# Scikit-LLM
* https://github.com/iryna-kondr/scikit-llm

[![Open In Colab](https://colab.research.google.com/assets/colab-badge.svg)](https://colab.research.google.com/github/fuyu-quant/data-science-wiki/blob/main/Natural_Language_processing/Classification(japanese)/scikit-llm.ipynb)

In [1]:
%%capture
!pip install scikit-llm

In [6]:
from skllm import ZeroShotGPTClassifier
from skllm.datasets import get_classification_dataset
from skllm.config import SKLLMConfig

from sklearn.model_selection import train_test_split

SKLLMConfig.set_openai_key("YOUR_API_KEY")
SKLLMConfig.set_openai_org("YOUR_ORG_ID")

In [10]:
X, y = get_classification_dataset()
print(len(X))
print(X[:3])
print(y[:3])

30
["I was absolutely blown away by the performances in 'Summer's End'. The acting was top-notch, and the plot had me gripped from start to finish. A truly captivating cinematic experience that I would highly recommend.", "The special effects in 'Star Battles: Nebula Conflict' were out of this world. I felt like I was actually in space. The storyline was incredibly engaging and left me wanting more. Excellent film.", "'The Lost Symphony' was a masterclass in character development and storytelling. The score was hauntingly beautiful and complimented the intense, emotional scenes perfectly. Kudos to the director and cast for creating such a masterpiece."]
['positive', 'positive', 'positive']


In [21]:
train_X, test_X, train_y, test_y = train_test_split(X, y, test_size=0.2, random_state=42)
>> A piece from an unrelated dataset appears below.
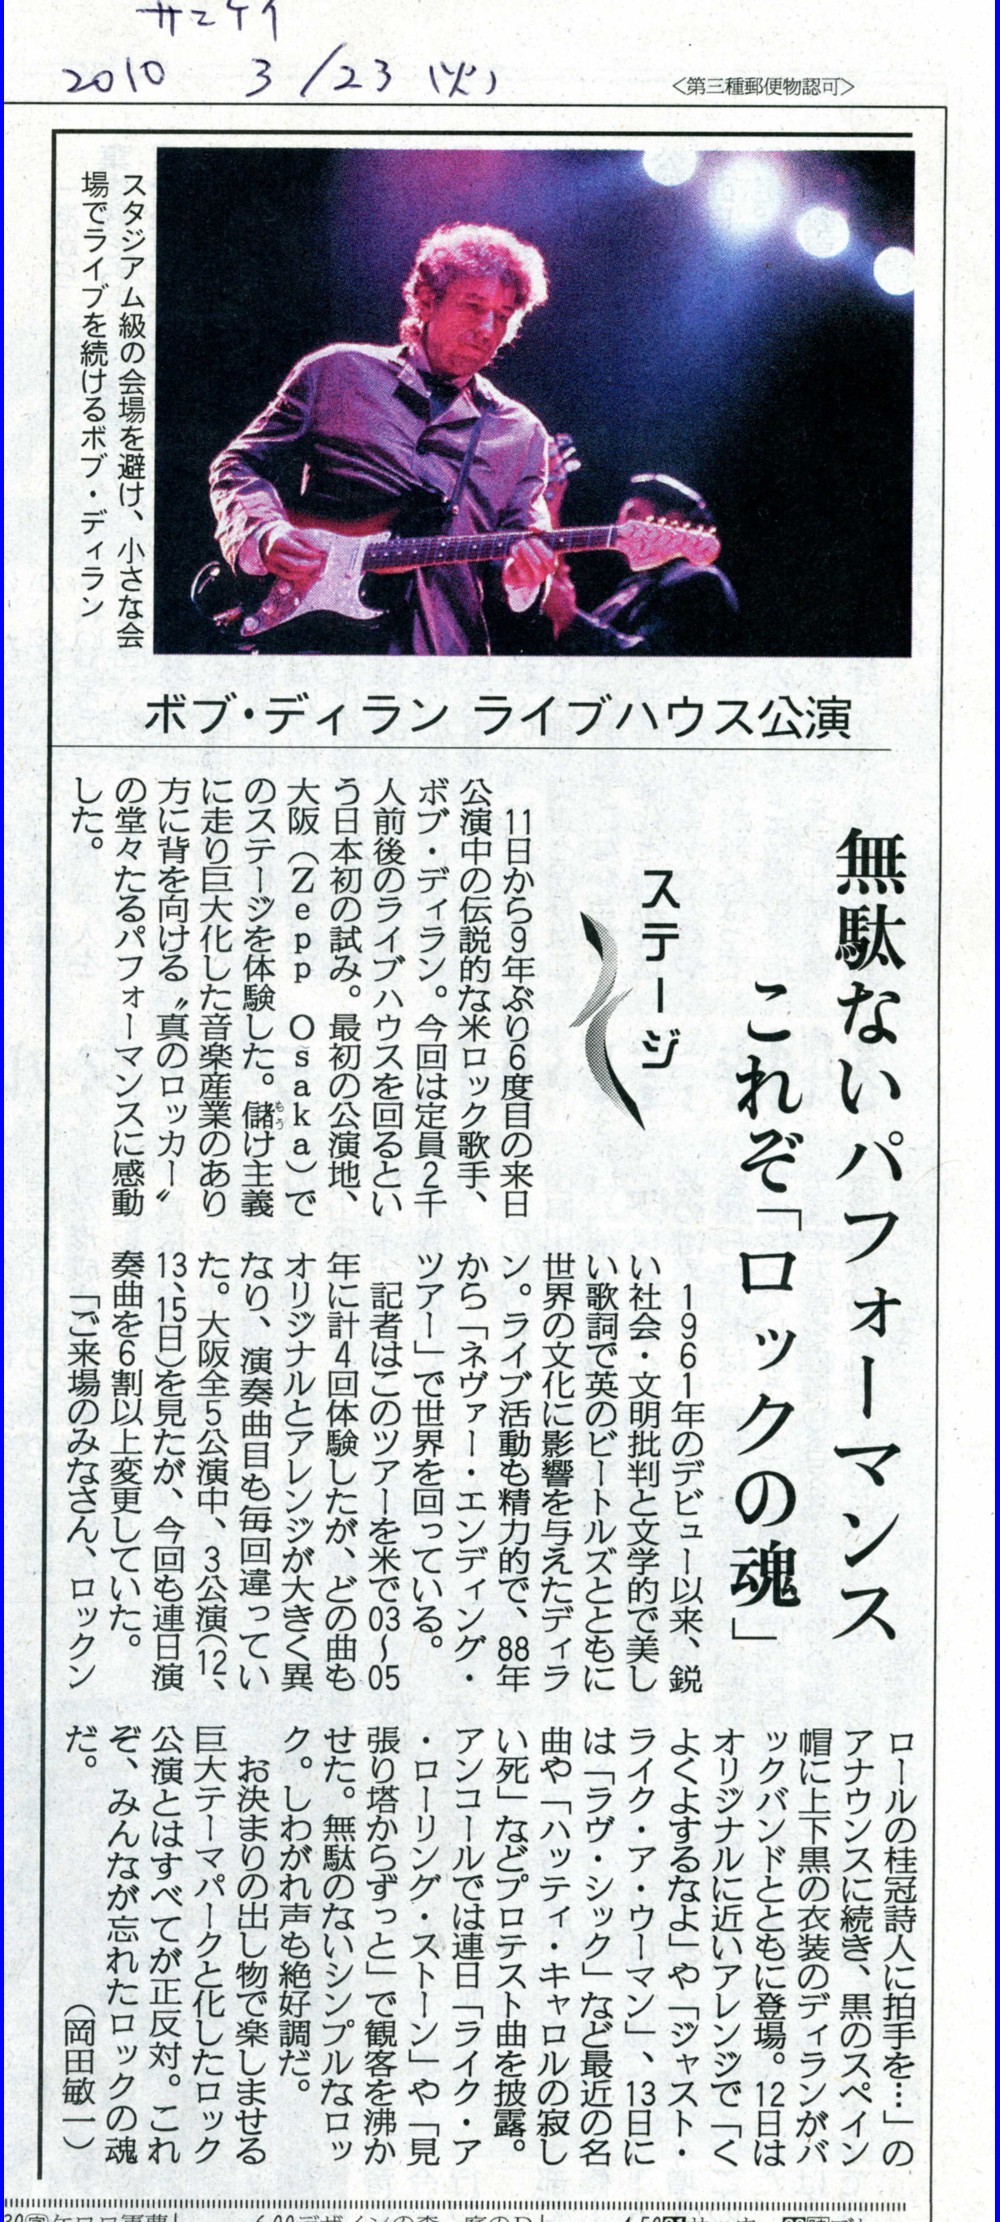 2010-3-23 産経新聞

### ZeroShotGPTClassifier(ラベルあり)

In [22]:
clf = ZeroShotGPTClassifier(openai_model="gpt-3.5-turbo")
clf.fit(train_X, train_y)

In [23]:
labels = clf.predict(test_X)

100%|██████████| 6/6 [00:07<00:00,  1.17s/it]


In [24]:
print(test_y)
print(labels)

['neutral', 'negative', 'neutral', 'negative', 'positive', 'positive']
['neutral', 'negative', 'neutral', 'negative', 'positive', 'positive']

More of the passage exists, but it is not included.